= DATASET EXCERPT =
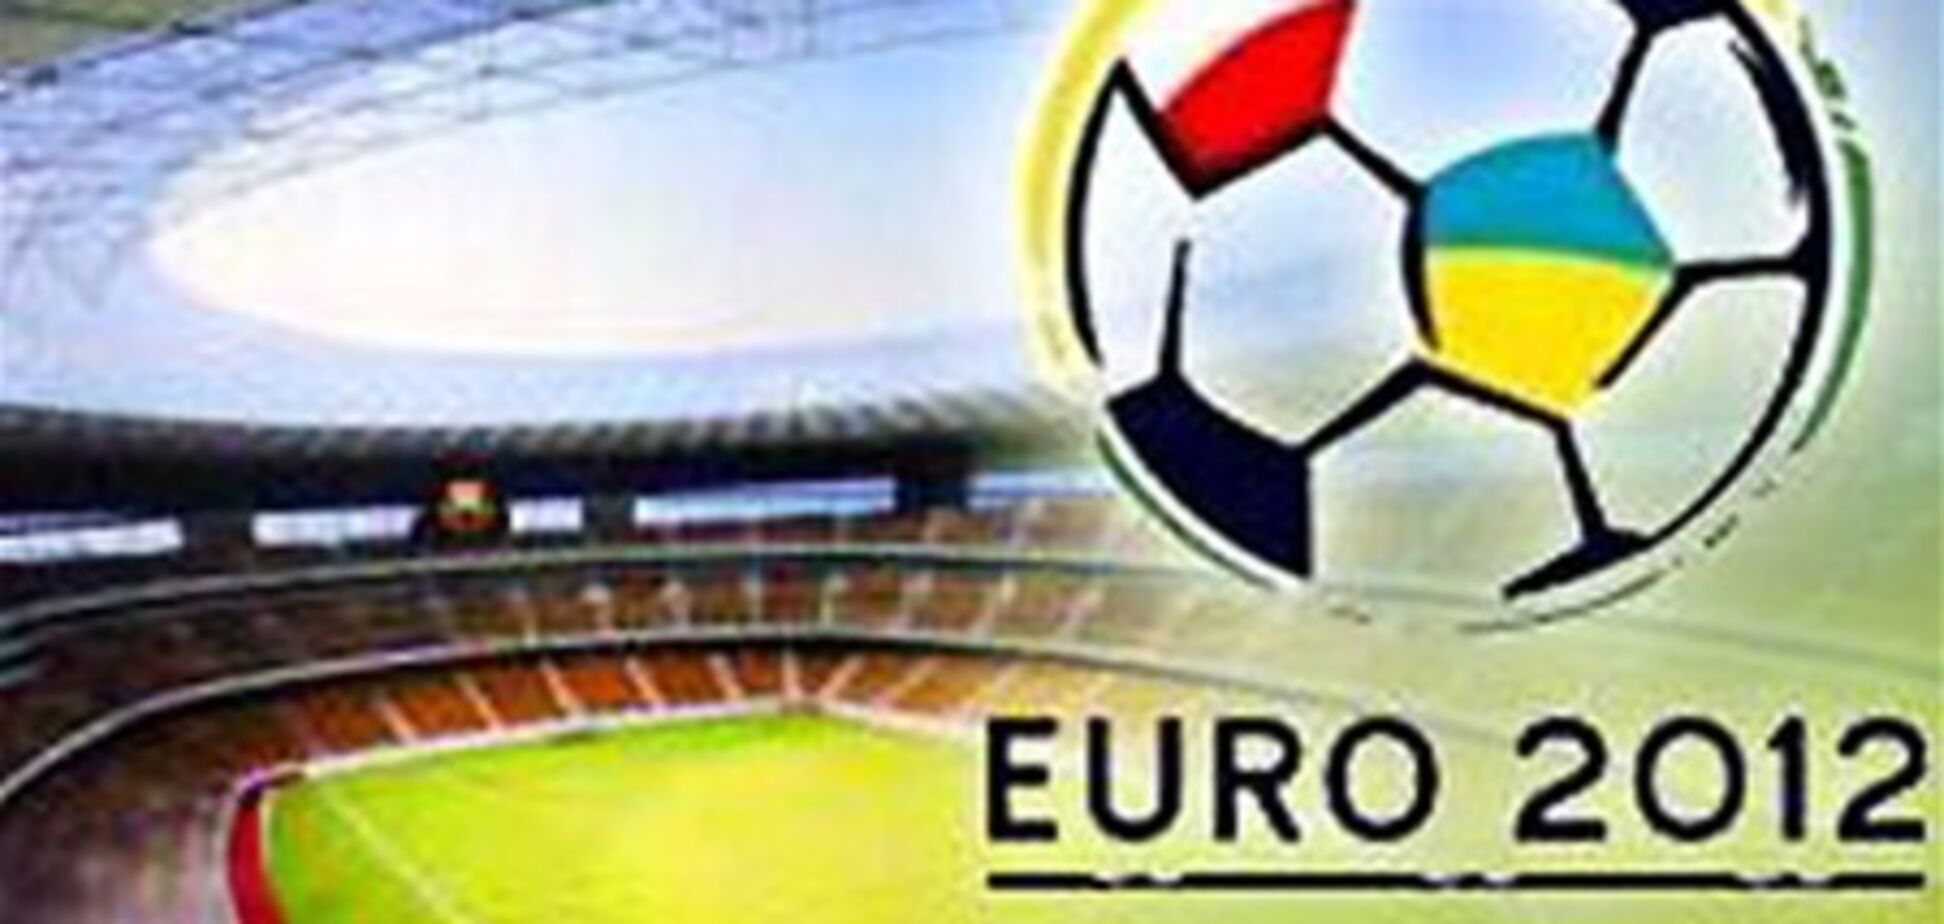 УЕФА собирается выручить 100 млн евро от продажи билетов Евро-2012 
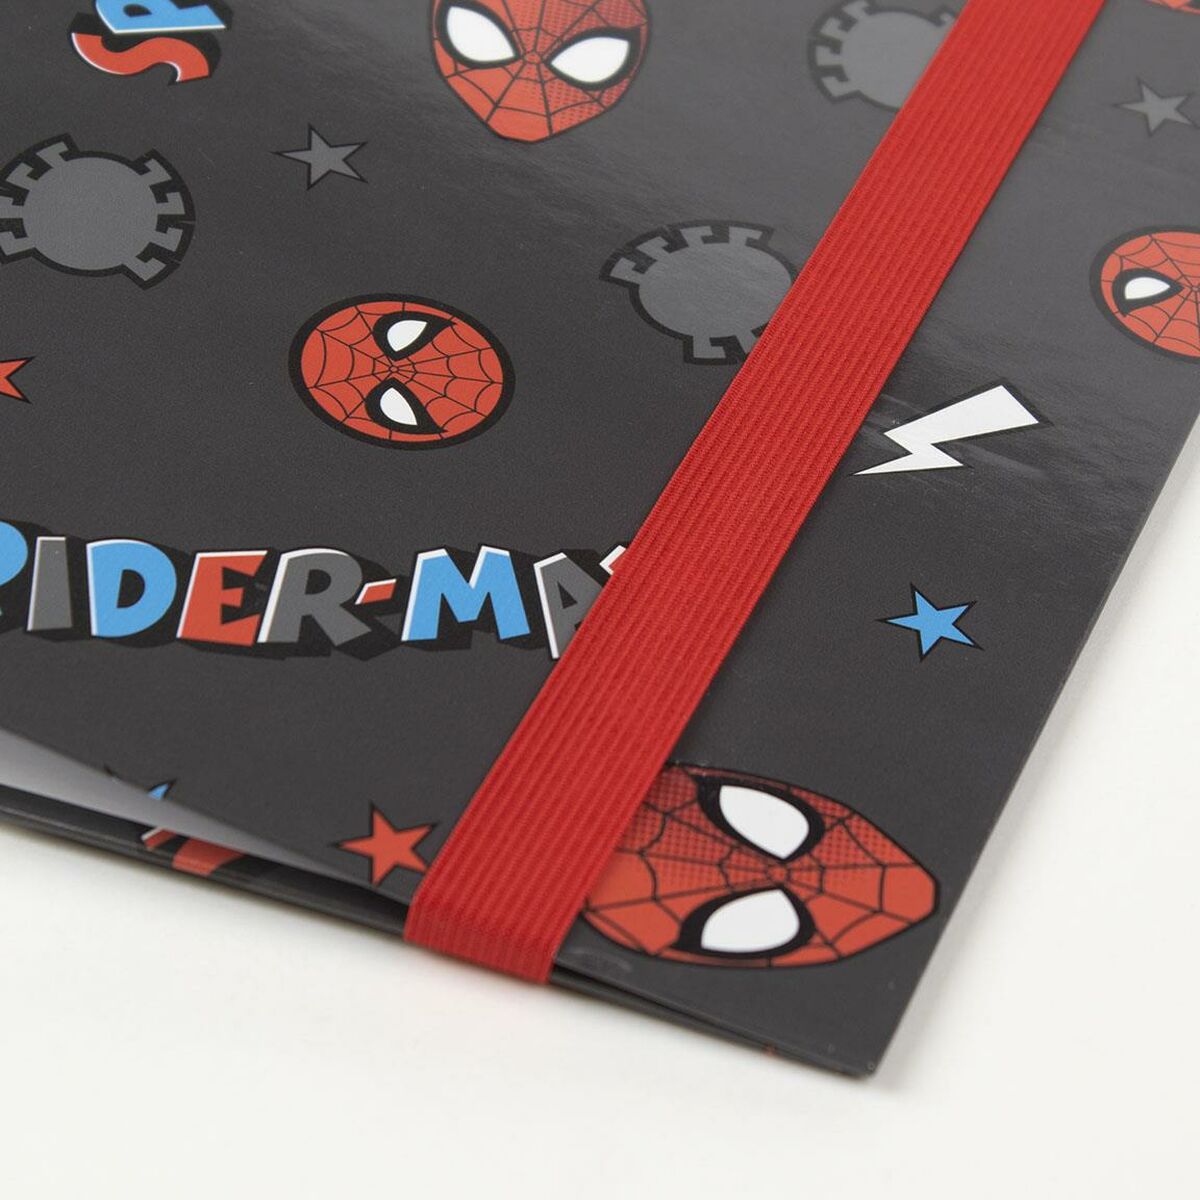 Biblioraft Spiderman A4 Negru (26 x 32 x 4 cm)
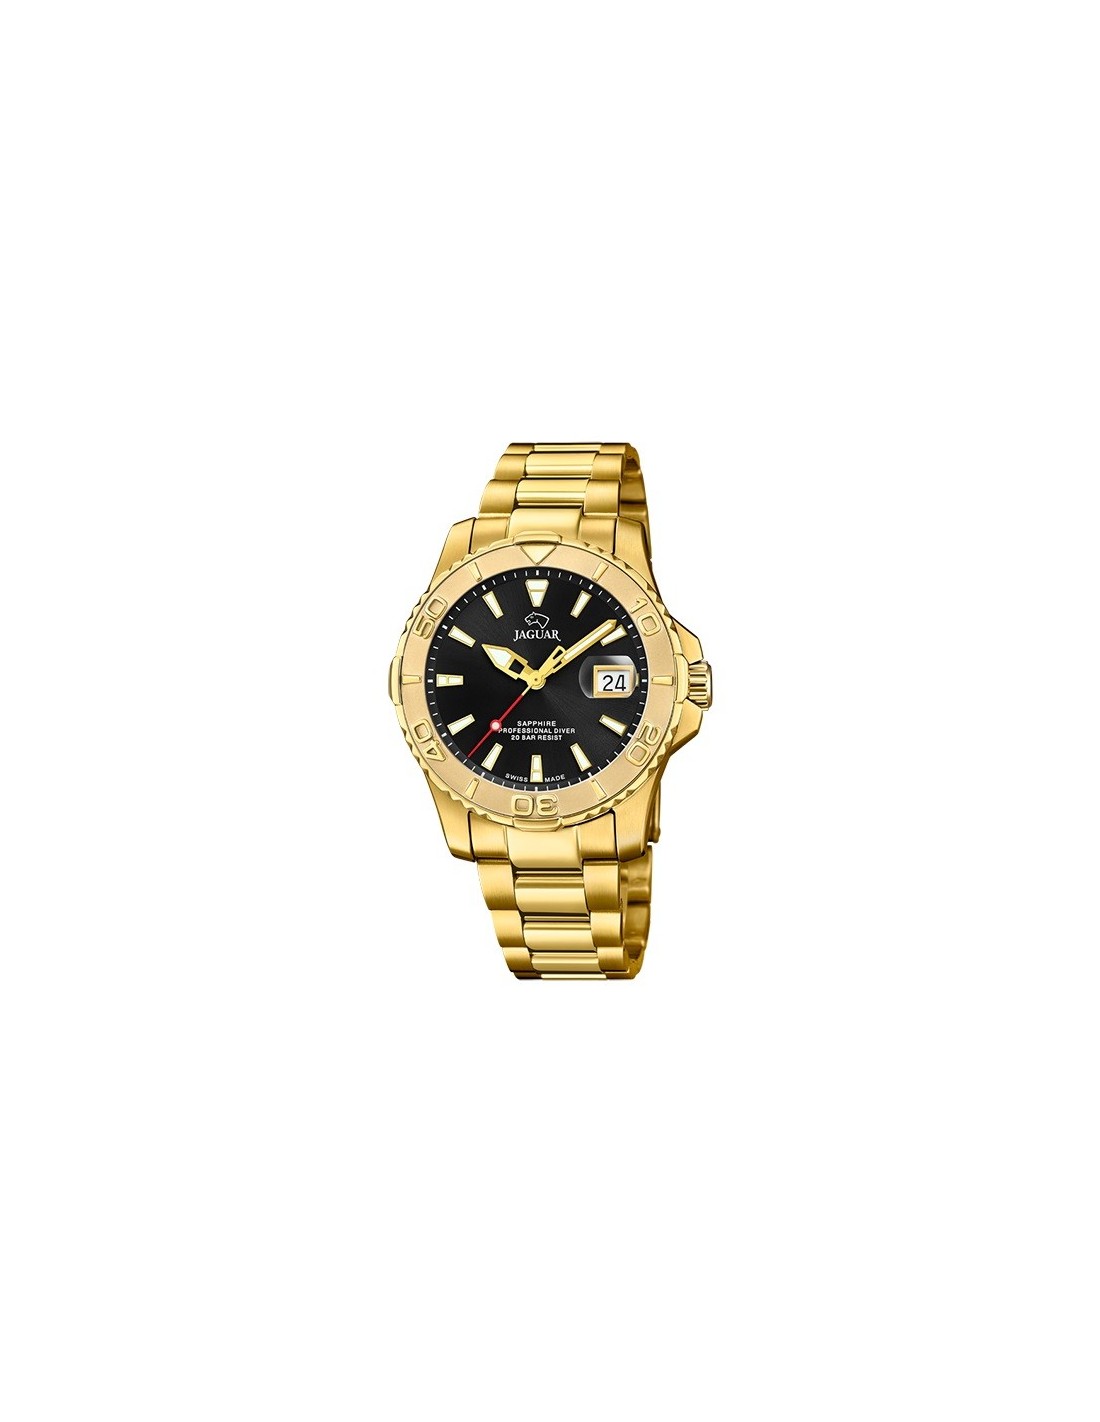 Relojes Jaguar a la venta: relojes elegantes para hombre
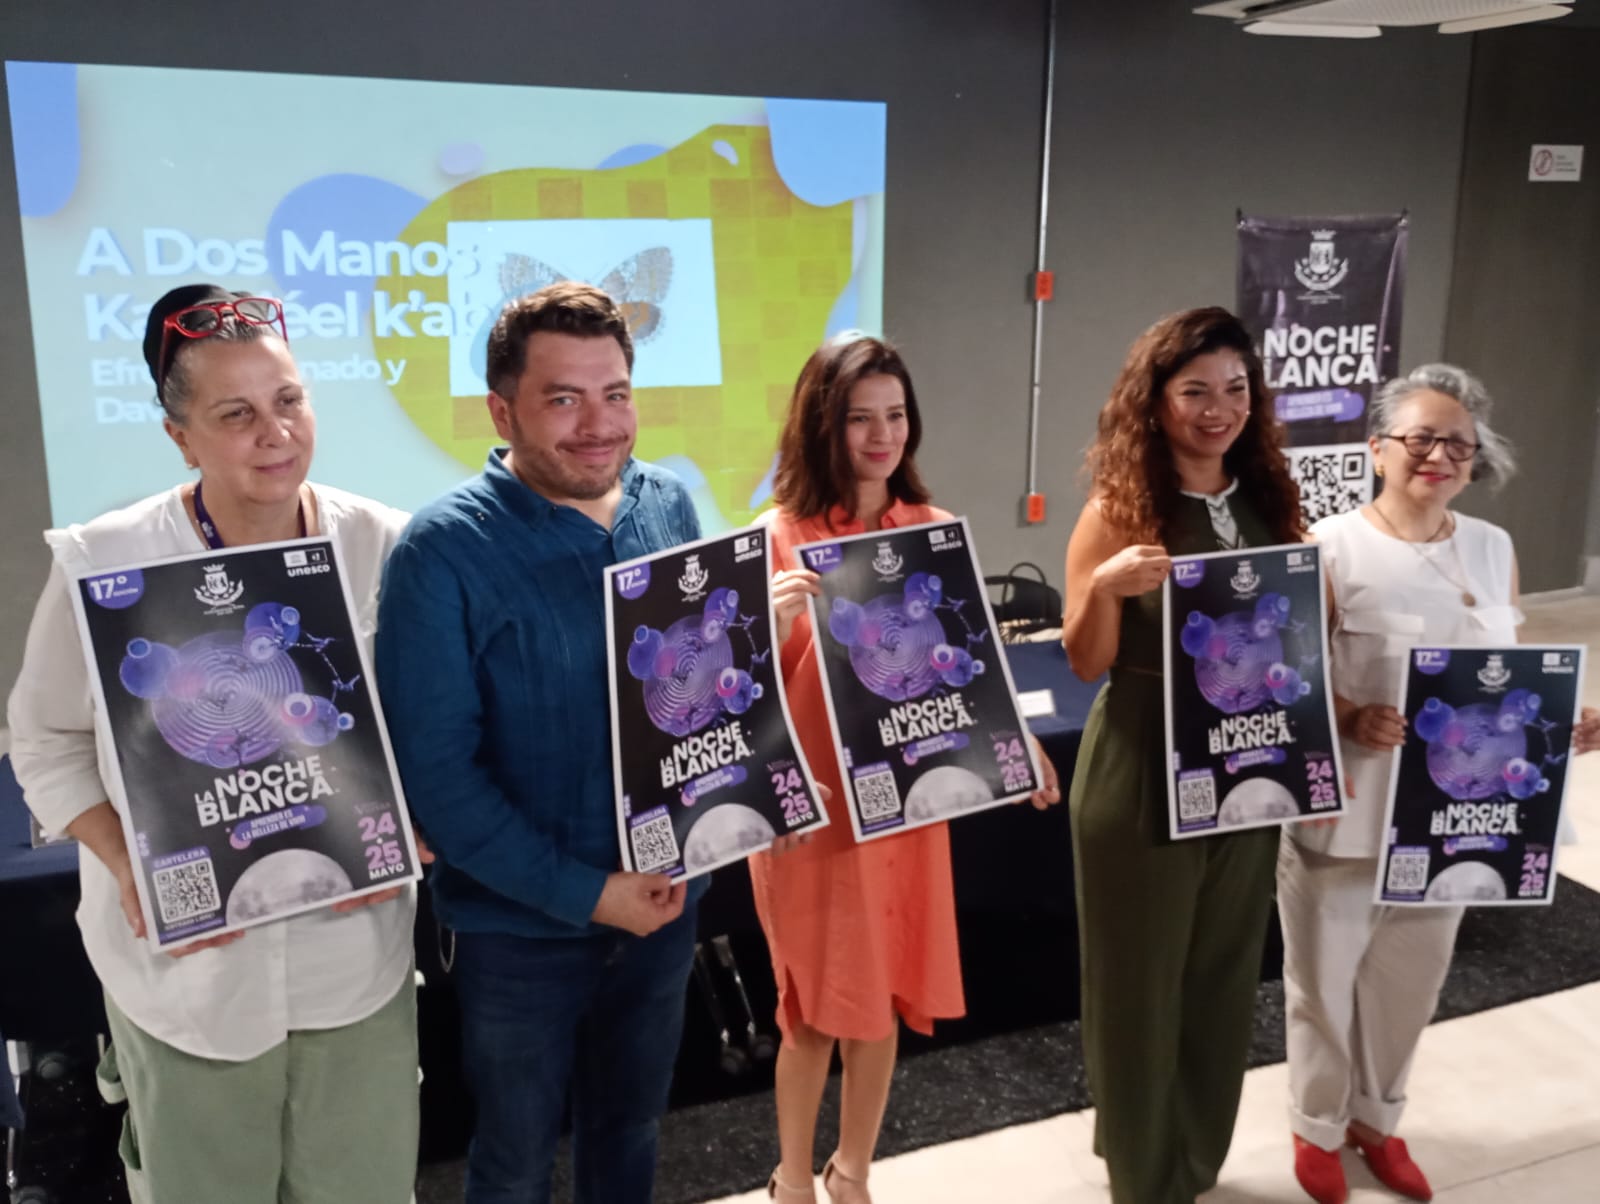 Conoce la cartelera alternativa para la Noche Blanca en Mérida

= WHAT THE TASK ASKS =
Write out the data above in full and exactly, but not the pictures.

= EXERCISE ANSWER =
 УЕФА собирается выручить 100 млн евро от продажи билетов Евро-2012 
 Biblioraft Spiderman A4 Negru (26 x 32 x 4 cm)
 Relojes Jaguar a la venta: relojes elegantes para hombre
 Conoce la cartelera alternativa para la Noche Blanca en Mérida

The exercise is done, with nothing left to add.